Michael Lally has published 27 books, including: March 18, 2003 (Libellum and Charta Presses, with illustrations by Alex Katz); It’s Not Nostalgia (winner of an American Book Award) and It Takes One To Know One ( both from Black Sparrow Press);  Cant Be Wrong (Coffee House Press), winner of the 1997 Oakland Pen Josephine Miles Award for Excellence in Literature; Hollywood Magic (Little Caesar); Attitude (Hanging Loose); and the 1970s “underground bestseller” Rocky Dies Yellow (Blue Wind Press). Lally has worked at a variety of jobs, from college teacher to limousine driver, reviewing books for The Washington Post and The Village Voice, to screenwriting (e.g. narration for Drugstore Cowboy, co-wrote Fogbound, the Thessalaski International Film Festival award winner for 2003) and TV and film acting (e.g., played an artist on NYPD Blue, a psycho detective on JAG, a crusty cavalry captain on Deadwood, a detective in Basic Instinct, Sykes in White Fang, the voice of “Sparks” in Cool World, et al.) Since 2006, he has hosted a blog called Lally’s Alley that has become a popular forum for his eclectic interests—poetry, music, politics, art, movies, books.

Ish Klein & Farid Matuk

May 10, 2010
8:00 pm
Monday

Ish Klein’s book, Union! came out  April  2009 through  the Canarium Press. Her poems have been published in The Canary, Gare du Nord, The Hat magazine, X-connectBridge, Spork and are online.  She also makes movies and lives in Philadelphia.

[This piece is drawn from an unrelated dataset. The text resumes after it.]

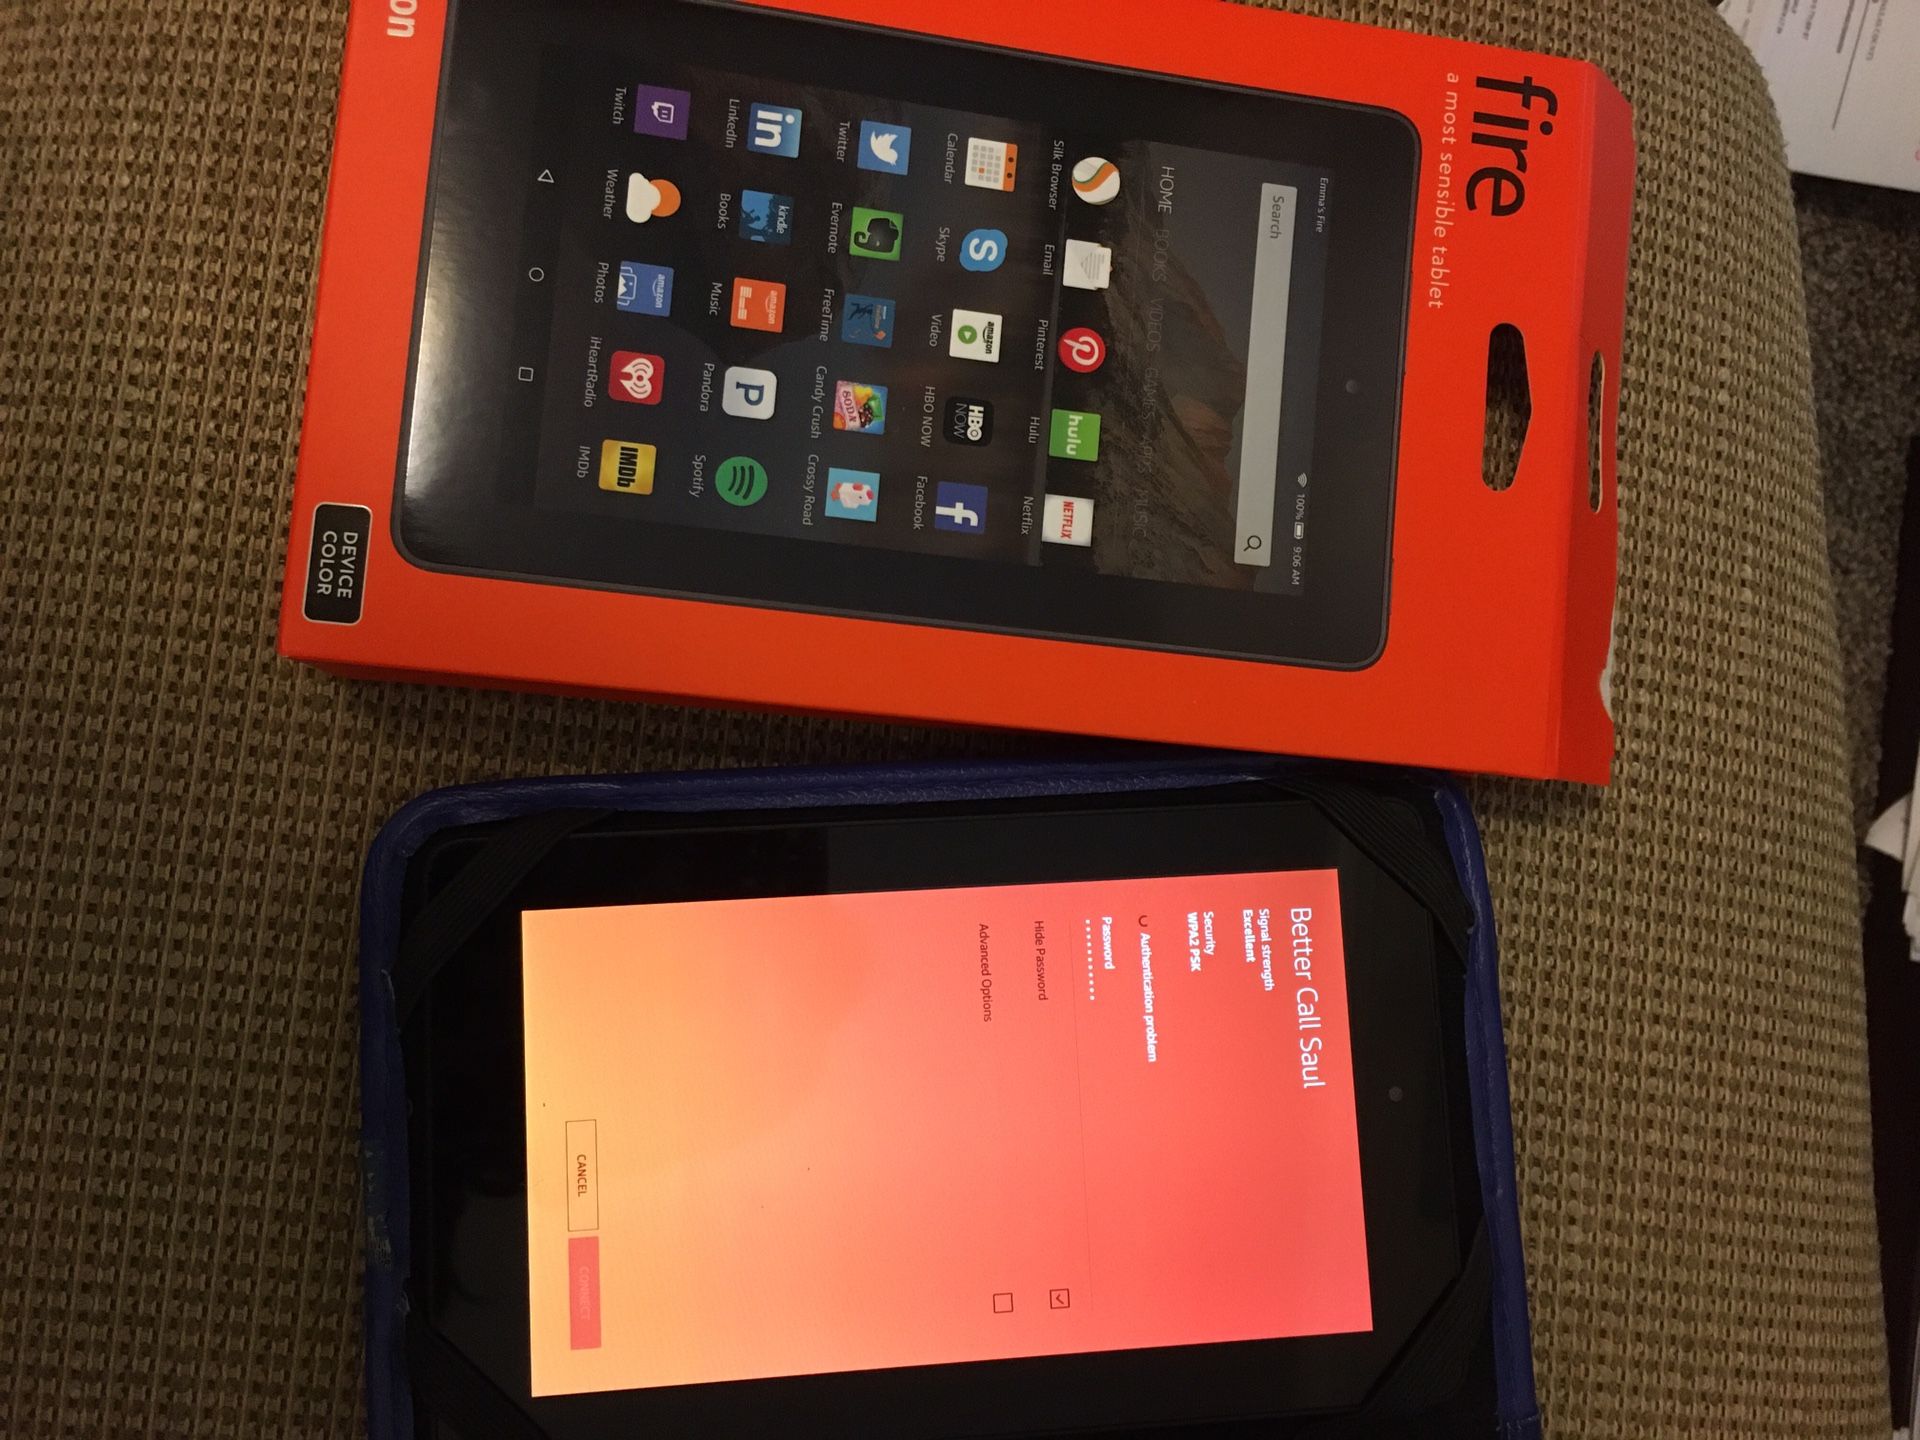 Amazon fire tablet 7 black like new
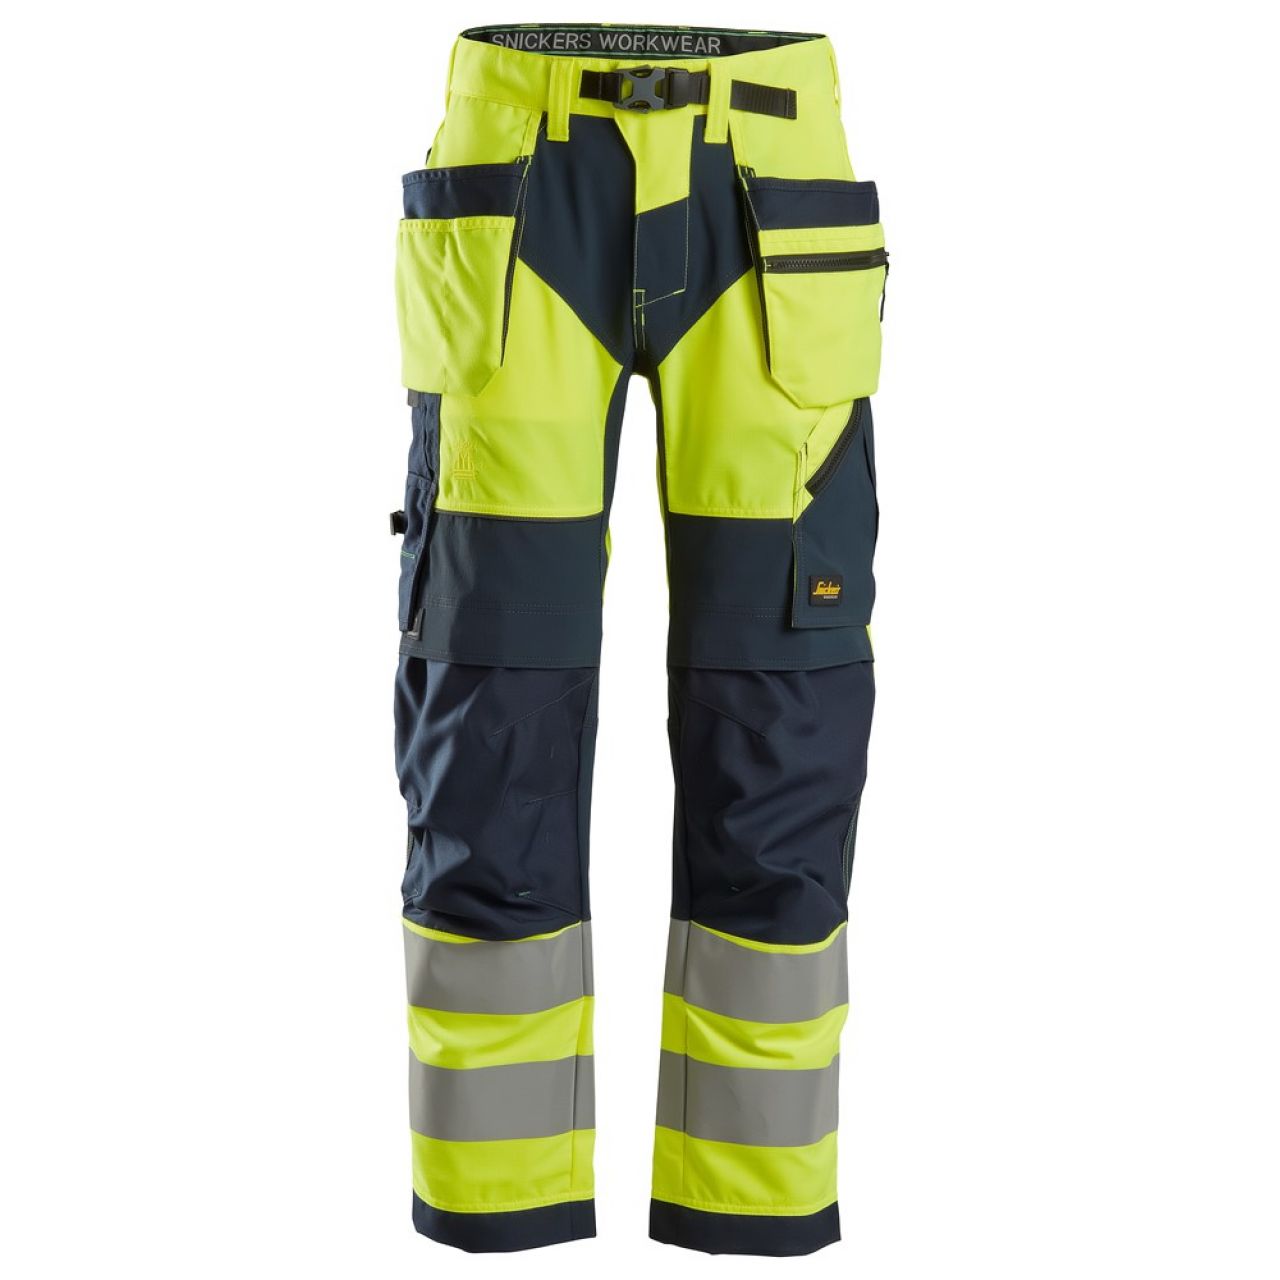 6932 Pantalones largos de trabajo de alta visibilidad clase 2 con bolsillos flotantes FlexiWork amarillo-azul marino talla 124

Farid Matuk is the author of Is it the King? (Effing, 2006).  His poems have appeared most recently in The Boston Review, Barrelhouse, Matchbook, and Big Bridge and are forthcoming in Typesetter. Matuk’s translations from Spanish have appeared in Bombay Gin, Translation Review, and Kadar Koli.  His essays and reviews have appeared in Cross-Cultural Poetics and Sentence: a Journal of Prose Poetics, among others.  His work is also included in the anthology Between Heaven and Texas (University of Texas Press) and will appear in the forthcoming anthology What’s Your Exit? (Word Riot Press).  His collection, This Isa Nice Neighborhood, will be released by Letter Machine Editions in the fall of 2010.  Matuk lives in Dallas with the poet Susan Briante where together with the nonprofit WordSpace they host readings for traveling authors.